But perhaps worse than these impacts is the fact that one year later, the more than 134 million Americans who live near chemical plants and storage facilities, a disproportionate number of whom are people of color and lower-income, are still at great risk.

Map of US Chemical Manufacturing facilities. Source: EPA

The Trump EPA’s dangerous failures

During and after Hurricane Harvey, as well as Hurricanes Irma and Maria that followed, EPA failed to take important steps to protect families and neighborhoods from health threats:

  • Arkema chemical plant explosion: Neither EPA nor the Texas Commission on Environmental Quality (TCEQ) moved fast enough to monitor air quality issues at the Arkema plant when chemical drums caught fire and lids exploded. But a lack of data didn’t stop them from reassuring residents about local air quality.

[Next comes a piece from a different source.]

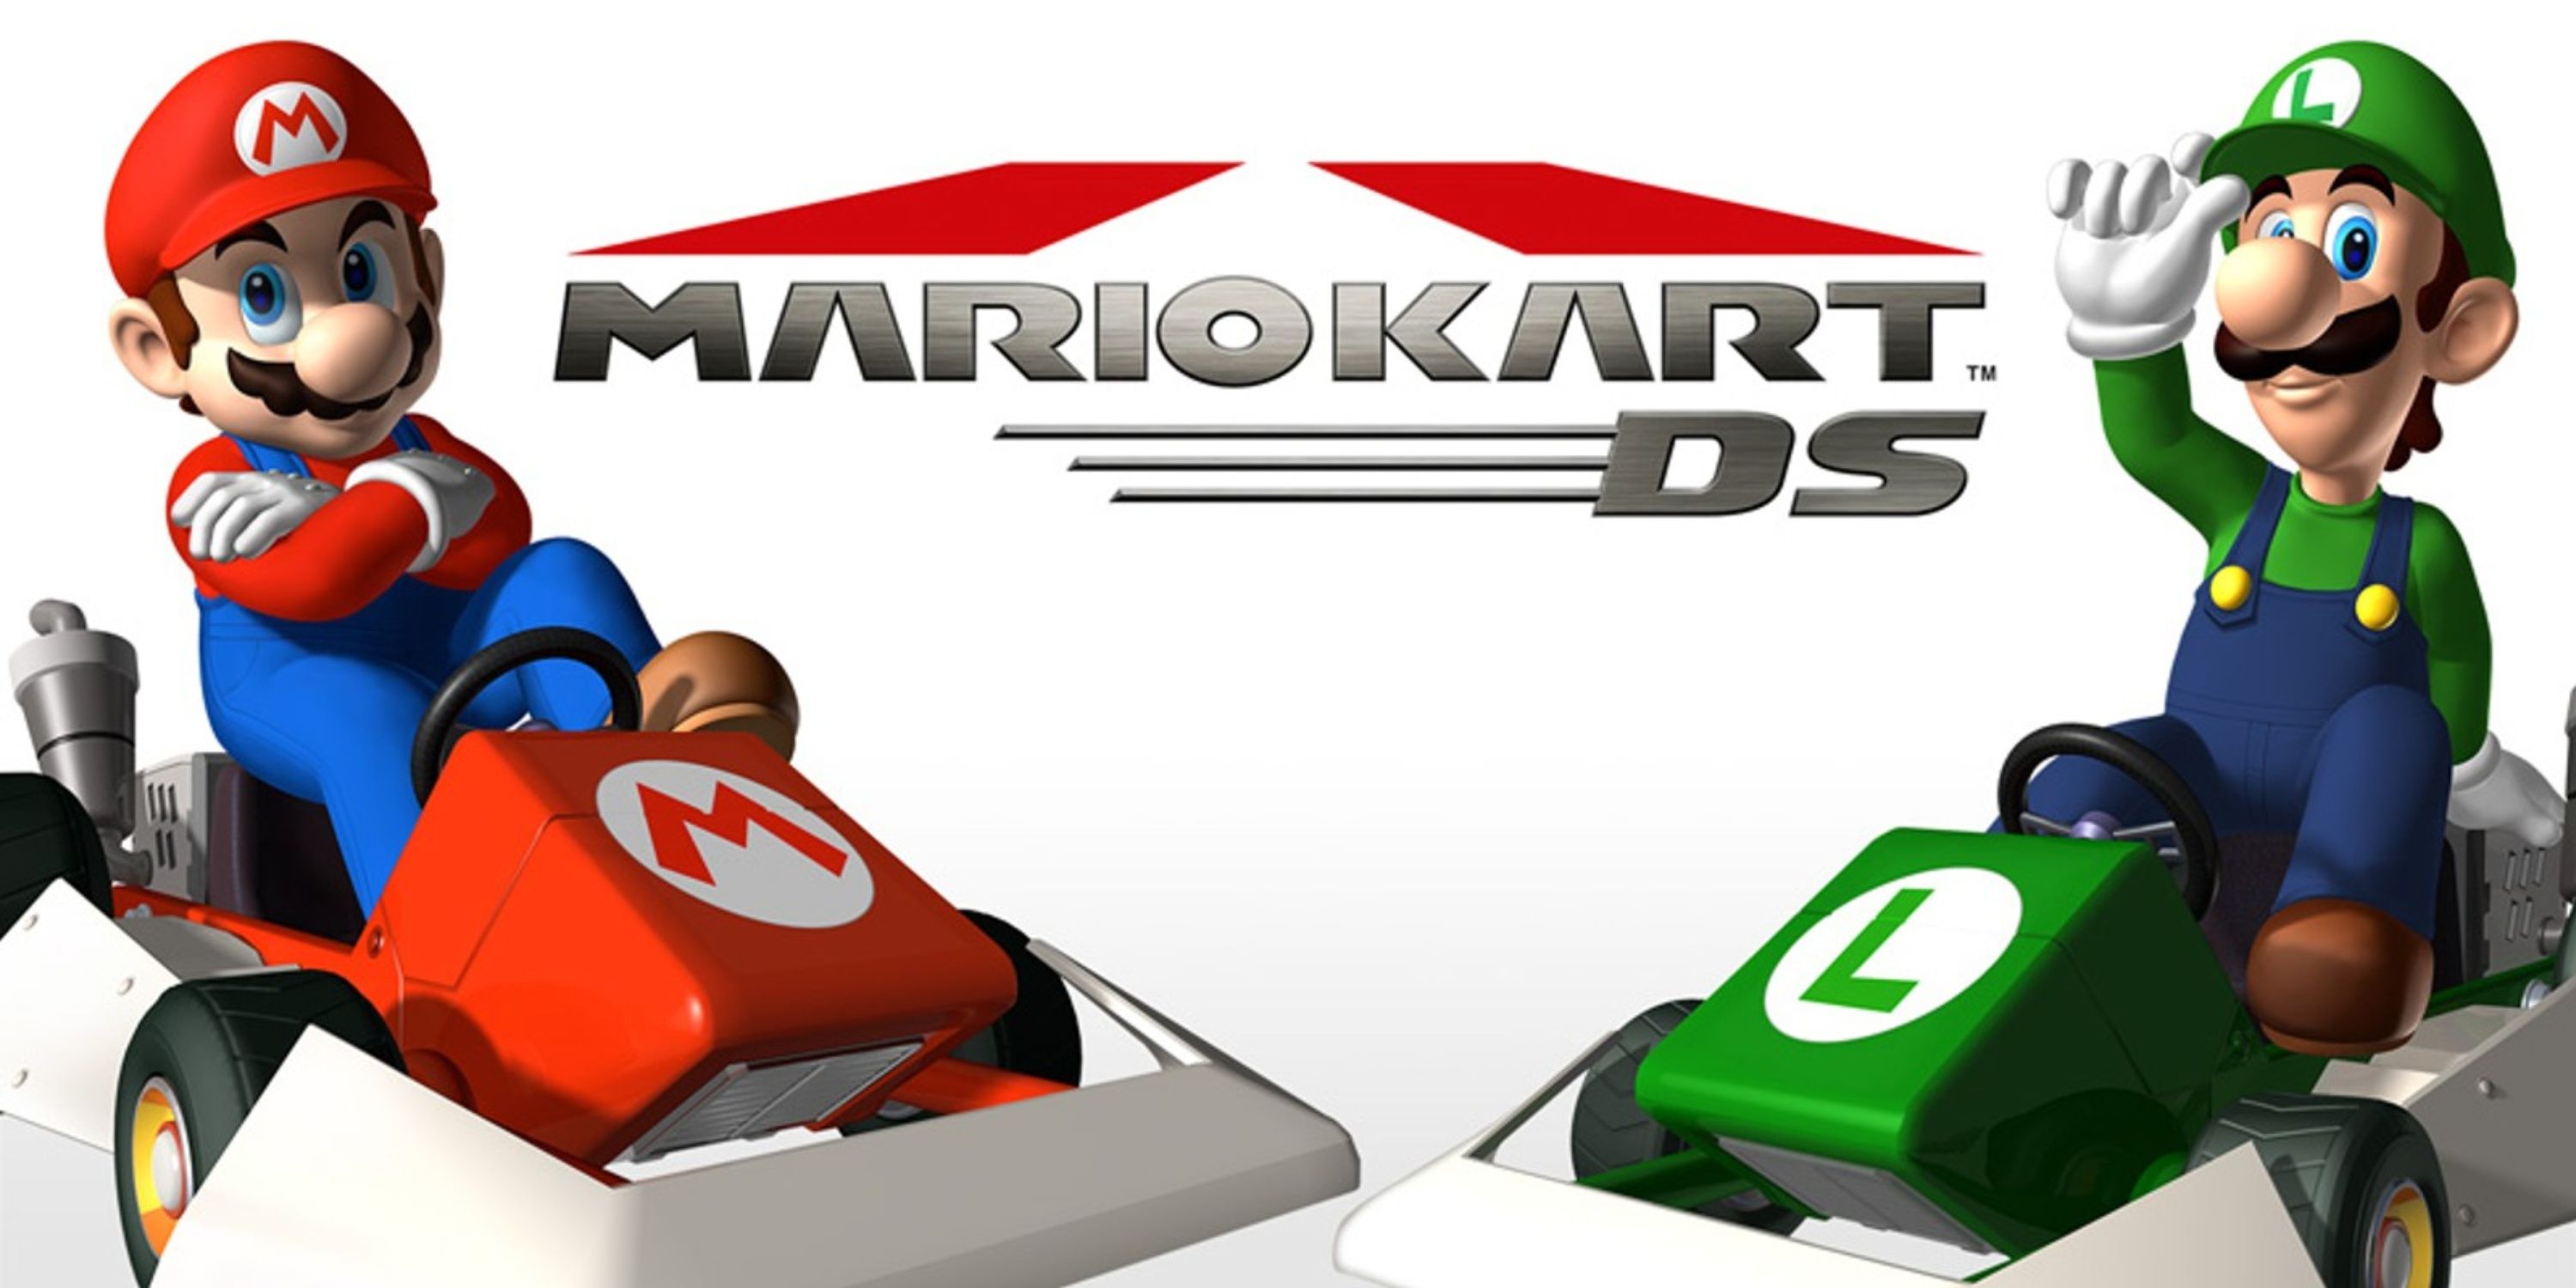 Luigi Et Mario Sur L'Art De La Boîte De Mario Kart Ds

To date, neither TCEQ nor EPA has taken any enforcement action against Arkema, despite the violations (although the company and its CEO and plant manager have been indicted for reckless emissions of dangerous pollutants).
  • Valero refinery leak: Hundreds of families in Houston’s Manchester neighborhood may have breathed in concentrations of benzene that could have damaged their health. But neither EPA nor TCEQ tested the air there until news outlets had published independent air quality monitoring results showing high benzene readings that EDF and Air Alliance Houston paid to do (as did the city of Houston).